The most violent part of all this is that I’ve felt forced to choose between and prioritize parts of my identity. In creating this hierarchy of my identity, I'm merely trying to survive the non-intersectional world that requires adapting to this violence to navigate it. I realize that I choose Black spaces over queer spaces because for me, there is more violence in spaces that do not qualify my Blackness as worthy rather than my queerness. Yet, in doing this, I am still terrified to be in spaces where patriarchy, misogyny, queerphobia, and transphobia are found, and I still fear for my life and mental health in Black spaces.

There is a deep rooted reality that anti-Blackness is pervasive and perpetuated in our everyday navigation, and to be in a space of non-Black people perpetuating that violence is more triggering than to collect my own people for not seeing me fully. It hurts either way, but I have a preference in what hurt I engage in.

In so many ways, I thrive in Black spaces in ways that I cannot anywhere else. Blackness is so foreign, so cancerous, and so illicit to white supremacy that it is overwhelmingly powerful to be in a room of unapologetic Black people—problematic or not. But queer spaces do not make me feel unified in anything, not even within my sexuality or gender identity. I am queer sexually, in that I date and engage with anyone who peaks my interest regardless of their gender or sexual identity. I am agender, in that I do not identify with a gender. In these components of my identity, my Blackness defines each of them because Blackness is inherently deviant, therefore everything about me will never fit within the confines of white supremacist conformity.

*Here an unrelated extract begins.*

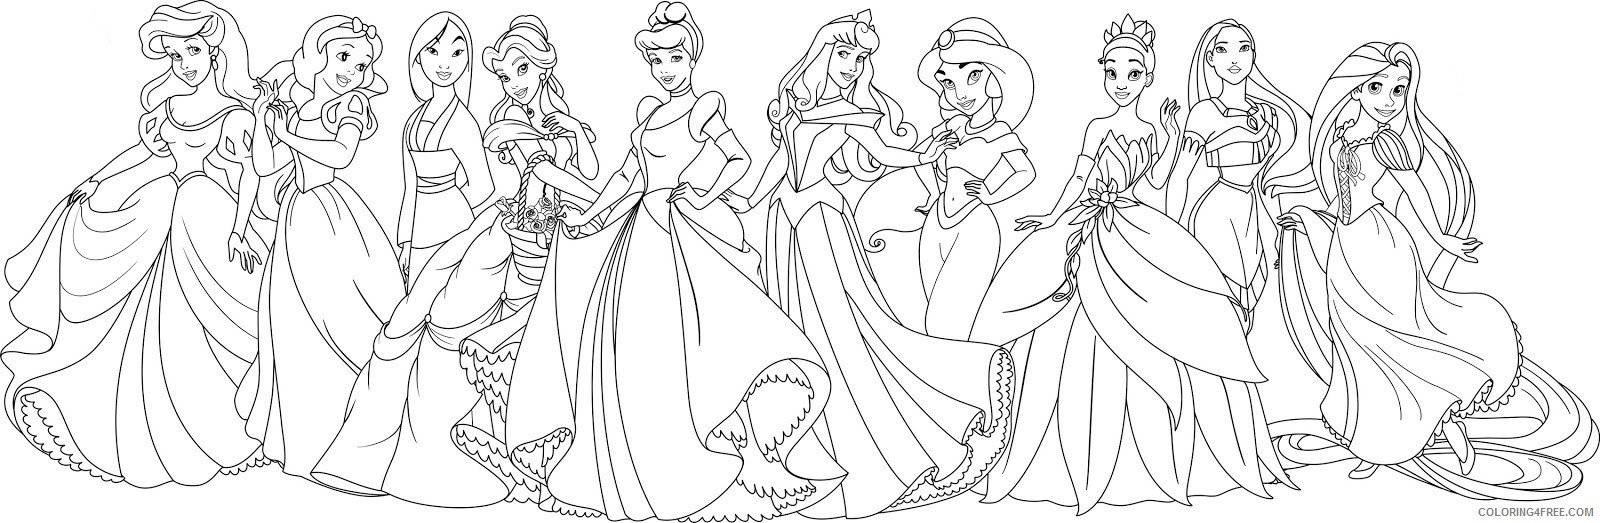 Disney Princess Coloring Pages Cartoons Disney Princess for Adults Printable 2020 2382 Coloring4free

I feel community in being Black and being around Black people. However, the power of that space alone is not enough to sustain me, though, nor does it change the reality of how violent these spaces can be to my well-being and safety. I want more from our overall community than only being able to guarantee safe spaces when I’m part of creating them. But more importantly, I need more to survive and to be my whole self, because I will not compartmentalize my humanity for the sake of everyone else.

The sake of everyone else in the Black community speaks to power systems of who is worthy, who is normal, and who is dominant. Black queer folks have been here, doing the work, surviving the matrices of violence, and still showing up for everyone else. Liberation is not just dependent on Black racial justice. It must include all intersections of our identities. Choosing Blackness out of survival for my own personal navigation and political understanding does not address the reality that we must push our community as a whole to address our Black queer identities, existence, and humanity.

It’s not enough to say #BlackLivesMatter and only mean some.